▶ **EXERCISE PROMPT**: When you restate the data, keep every word as it is and drop the images.

▶ **DATA EXCERPT**:
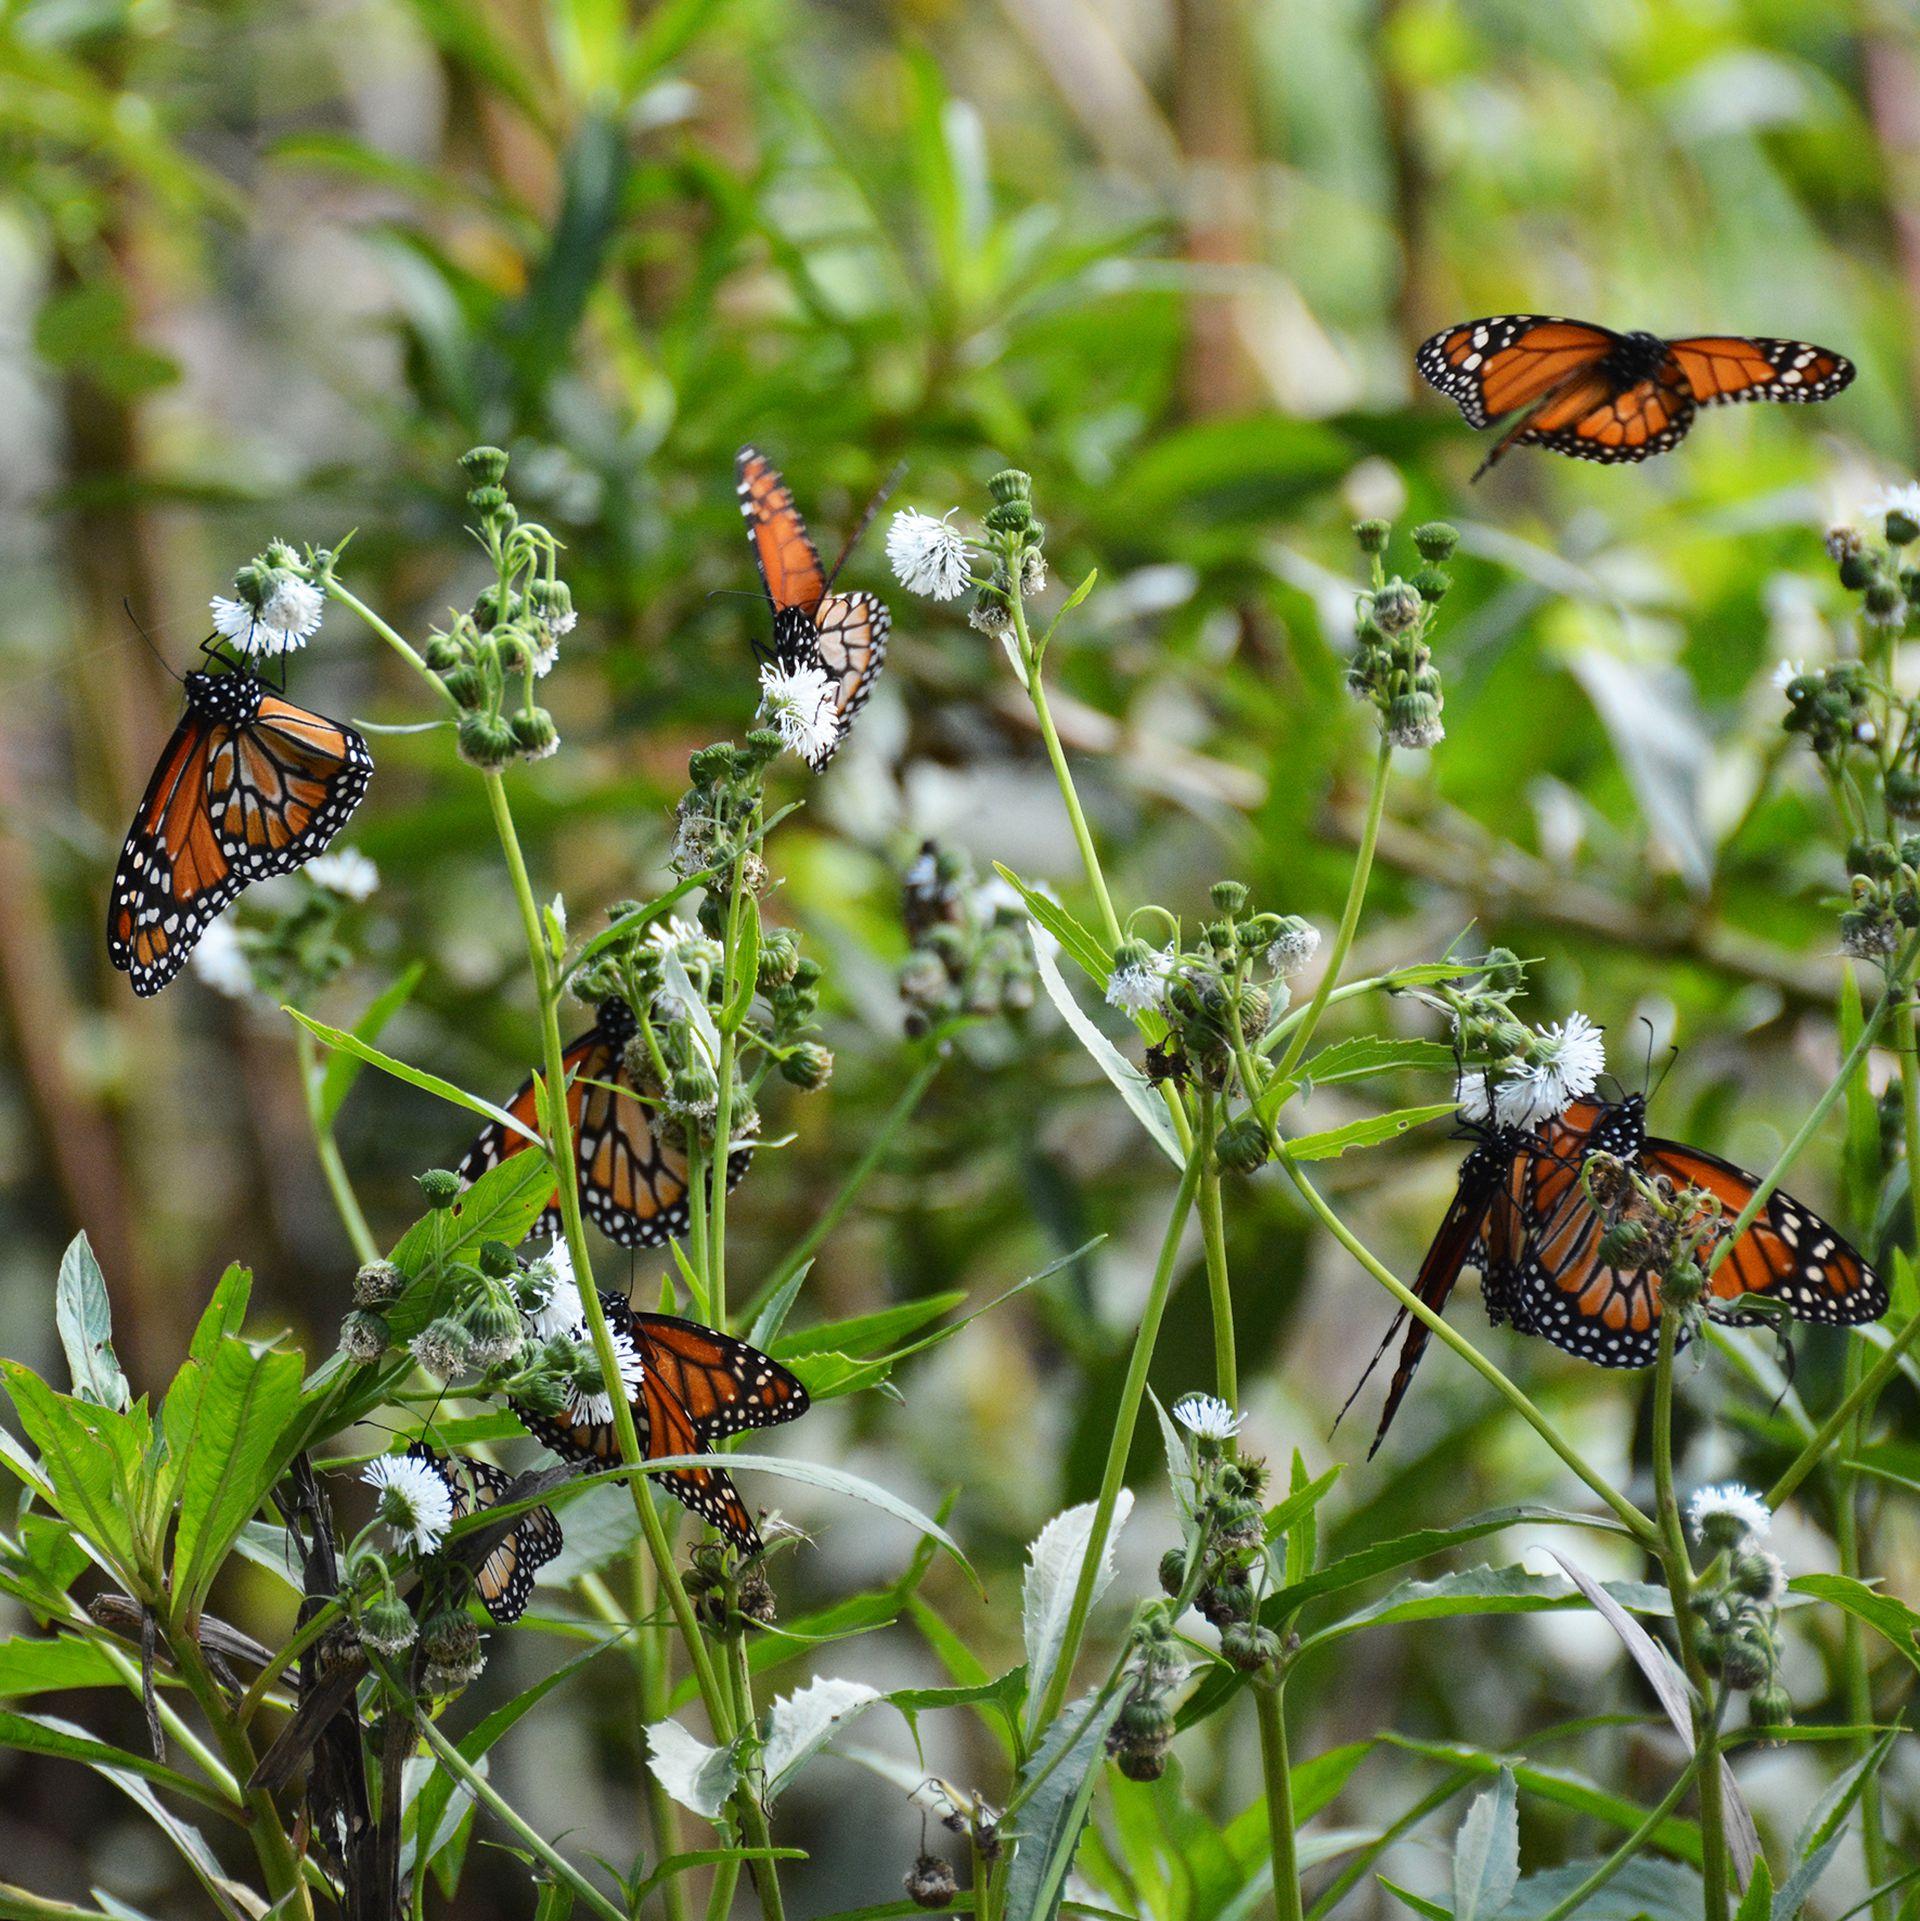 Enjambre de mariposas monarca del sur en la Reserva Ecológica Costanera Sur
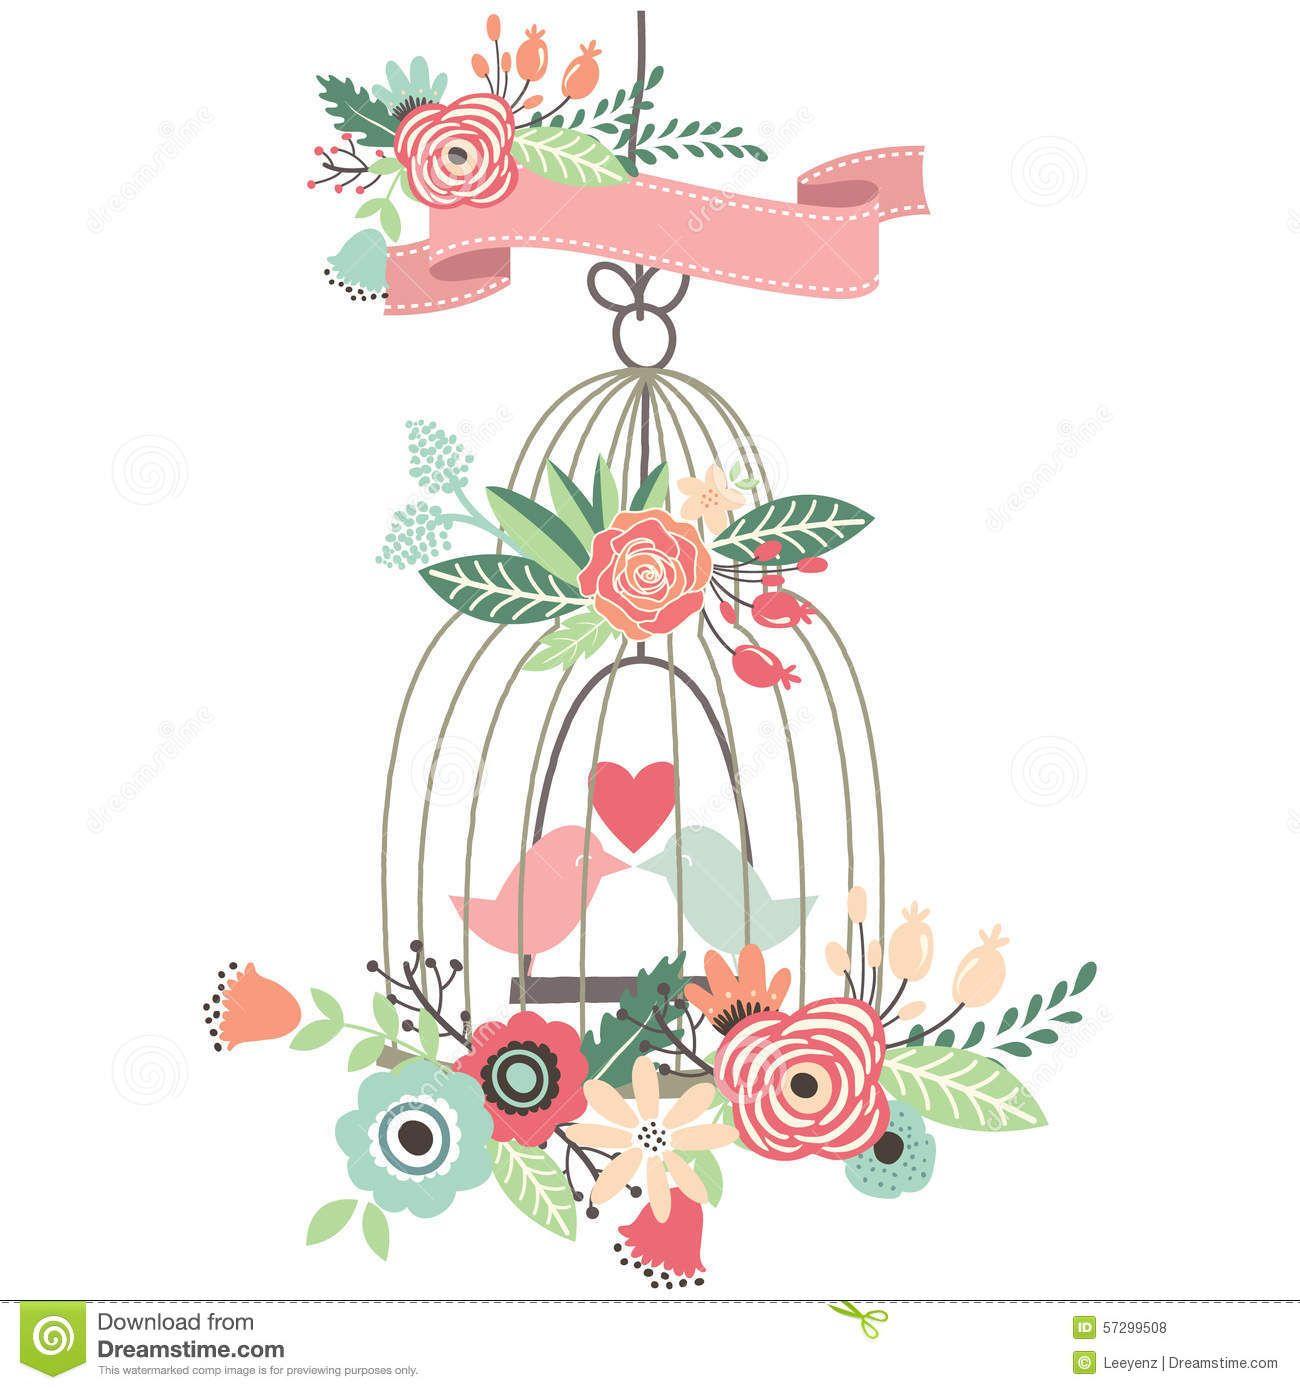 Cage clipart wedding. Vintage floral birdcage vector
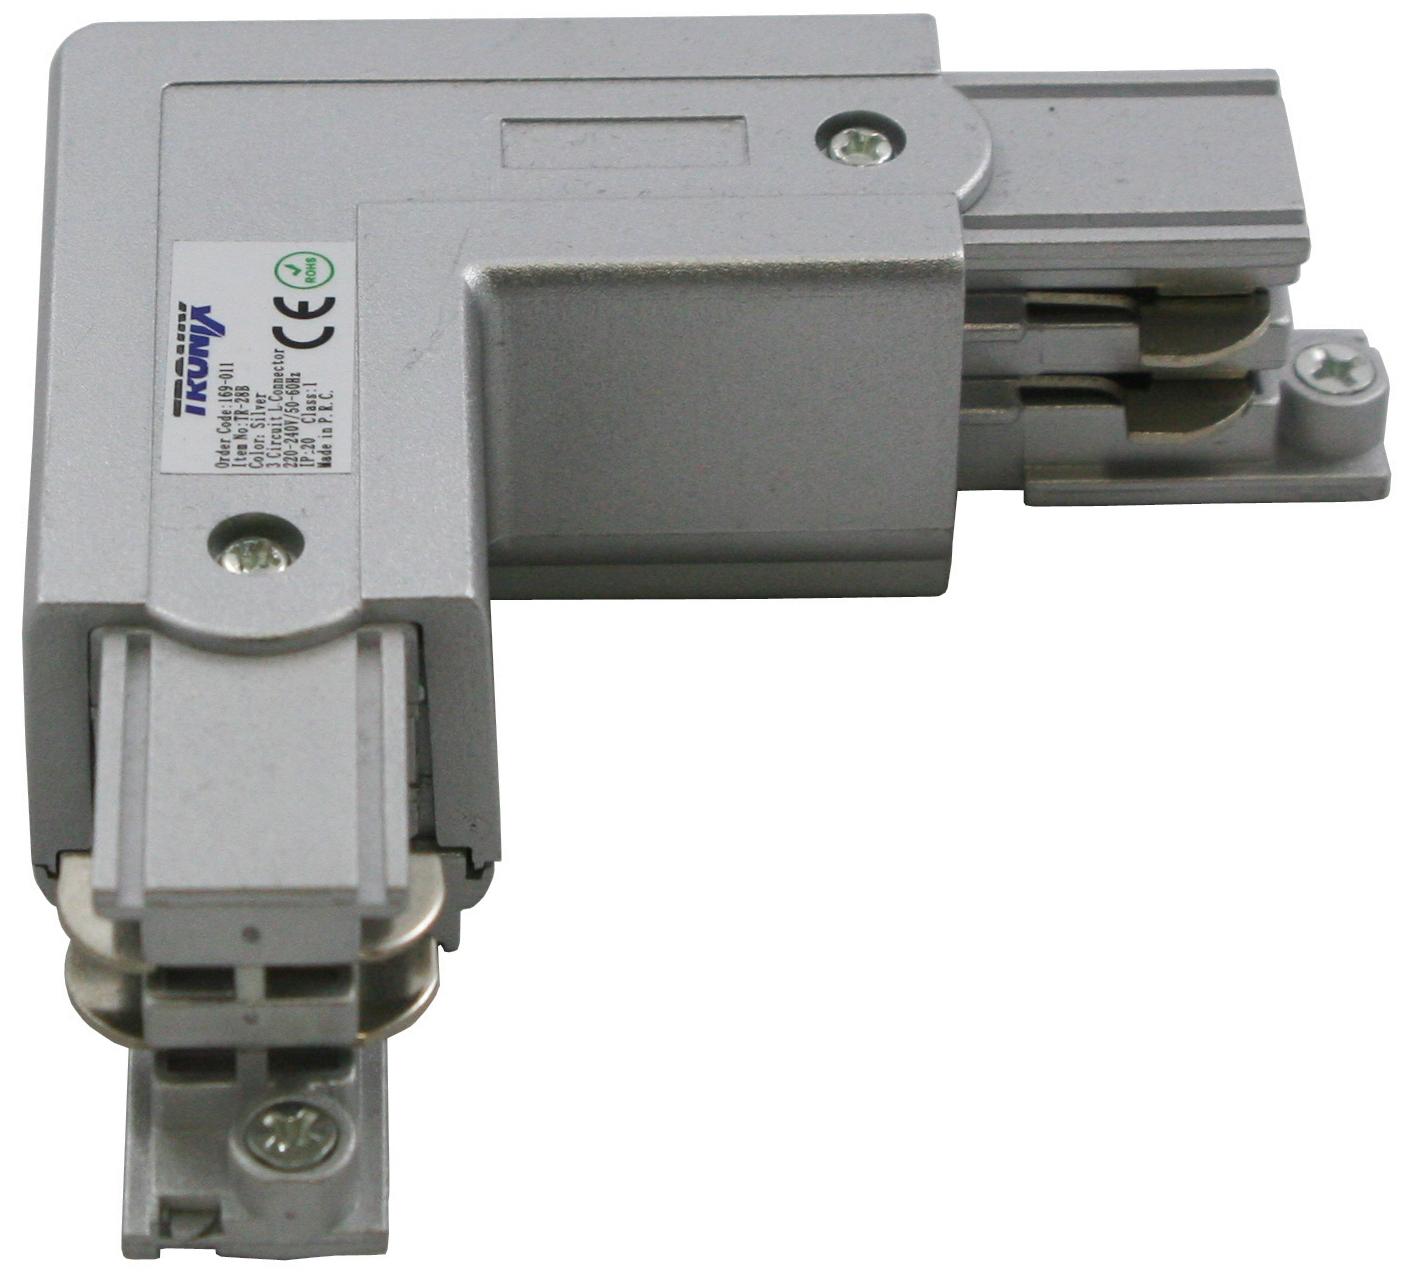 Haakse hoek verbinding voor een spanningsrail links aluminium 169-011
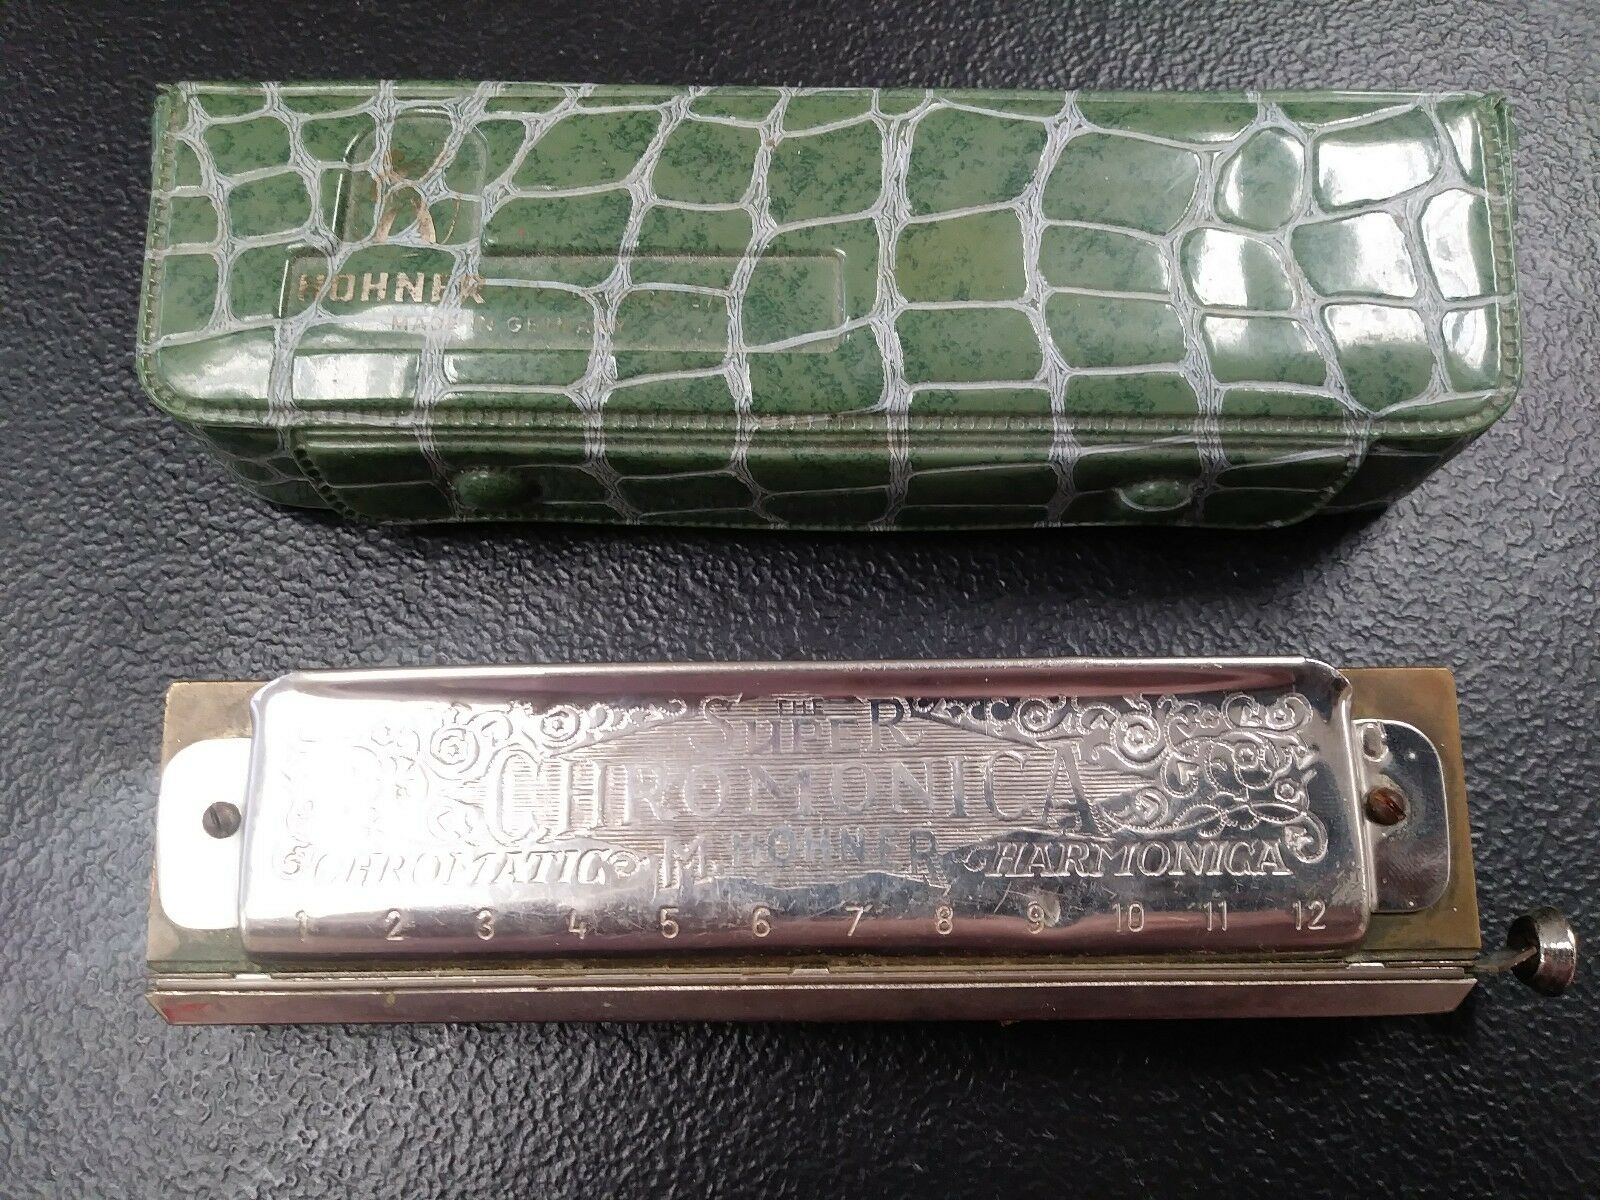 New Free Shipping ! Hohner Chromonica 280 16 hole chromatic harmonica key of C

▶ **WRITTEN ANSWER**:
 Enjambre de mariposas monarca del sur en la Reserva Ecológica Costanera Sur
 Cage clipart wedding. Vintage floral birdcage vector
 Haakse hoek verbinding voor een spanningsrail links aluminium 169-011
 New Free Shipping ! Hohner Chromonica 280 16 hole chromatic harmonica key of C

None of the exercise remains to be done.